Politics This Is What Happens When You Screw With The Water Bureau

Posted by Scott Moore on Mon, Aug 27 at 1:57 PM

Yeesh! On August 10th, Water Bureau Director David Shaff issued some pretty strong words to whomever was crapping up Keller Fountain by filling it with soap.

“We are working with police and the bureau’s security specialists to prevent future incidents. We’d prefer not to go into too much detail on this — but we will see that legal remedies are pursued as we can. What’s happening at Keller is criminal activity,” read Shaff’s message.

Well, now we know what he meant. The Water Bureau’s blog (have I told you before how much I like the Water Blog?) has a photo of Nolan Cunningham, age 19, who was cited by the Police Bureau with dumping detergent in the fountain. His case has been referred to the district attorney’s office.


“We’re naming names – and showing his picture as a deterrent to other people who may think that shutting down a major downtown attraction for a couple of days is fun,” Shaff writes.

“We’re busy protecting public health and safety and the water system infrastructure and shouldn’t have to waste our time and effort on this sort of thing. We will prosecute offenders we catch and we will charge them for the water we have to dump. People up to mischief: think twice.

Don’t fuck with David Shaff.

For the sake of balance, here’s a photo of Shaff and Commissioner Randy Leonard.



You don't think it might be better to wait until the accused is convicted before posting his photograph?

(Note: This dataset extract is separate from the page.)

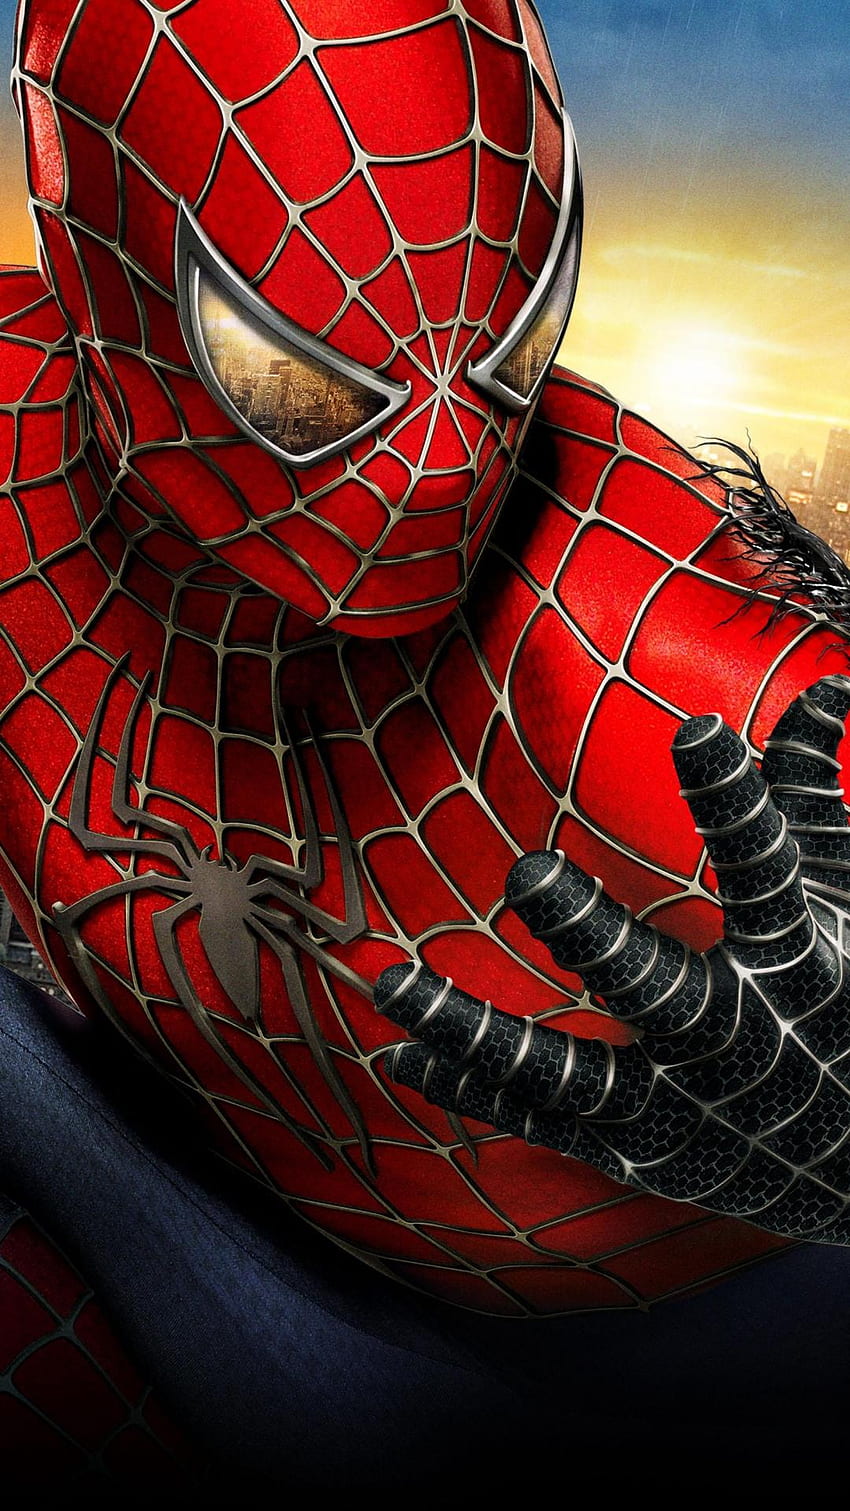 SpiderMan 3 HD wallpapers free download  Wallpaperbetter

I don't think Nolan looks like he's scared shitless. Oh you're busted now!

If the media did that, Amanda, TV news programs would just be a blank screen. and think how boring "To Catch A Predator" would be! As for whether the Water Bureau should post these photos, I'd like to hear what people think.

He was "caught red-handed." I think it's okay to post his pic. If I caught Metro red-handed using a measure 37-claim unlined landfill in Washington County within 100 yards of the Tualatin River, I would have no problem posting THAT pic.

To blog-posters who ask if it's okay to post a photo of someone arrested and charged with a crime: yes, it is. Read the newspaper. You misunderstand the legal system. The rights of the person charged with a crime are protected by the legal system, underpinned by more than two centuries of precedent, tested again and again by a judicial system dedicated to preserving the rights of all Americans, balancing the rights of various individuals, including the victims of crime. Private individuals and organizations dedicated to protecting the rights of individuals would be the sources to check with if you think the person arrested has had his rights violated. Real journalism consists of presenting opposing views to all of us through various media, and if the Oregonian had thought there was any conflict in posting and/or printing the photo, I believe they would have sought and published the opinion of an attorney with the ACLU. I trust them to do so now, except I imagine the right to inform the public in this way is so well-established that it becomes a waste of ink and paper. I'm going to get in touch with the ACLU and ask them to communicate via blog and print outlets if they think there's an issue here. We can all make mistakes in judgment, but outrage in this case seems premature.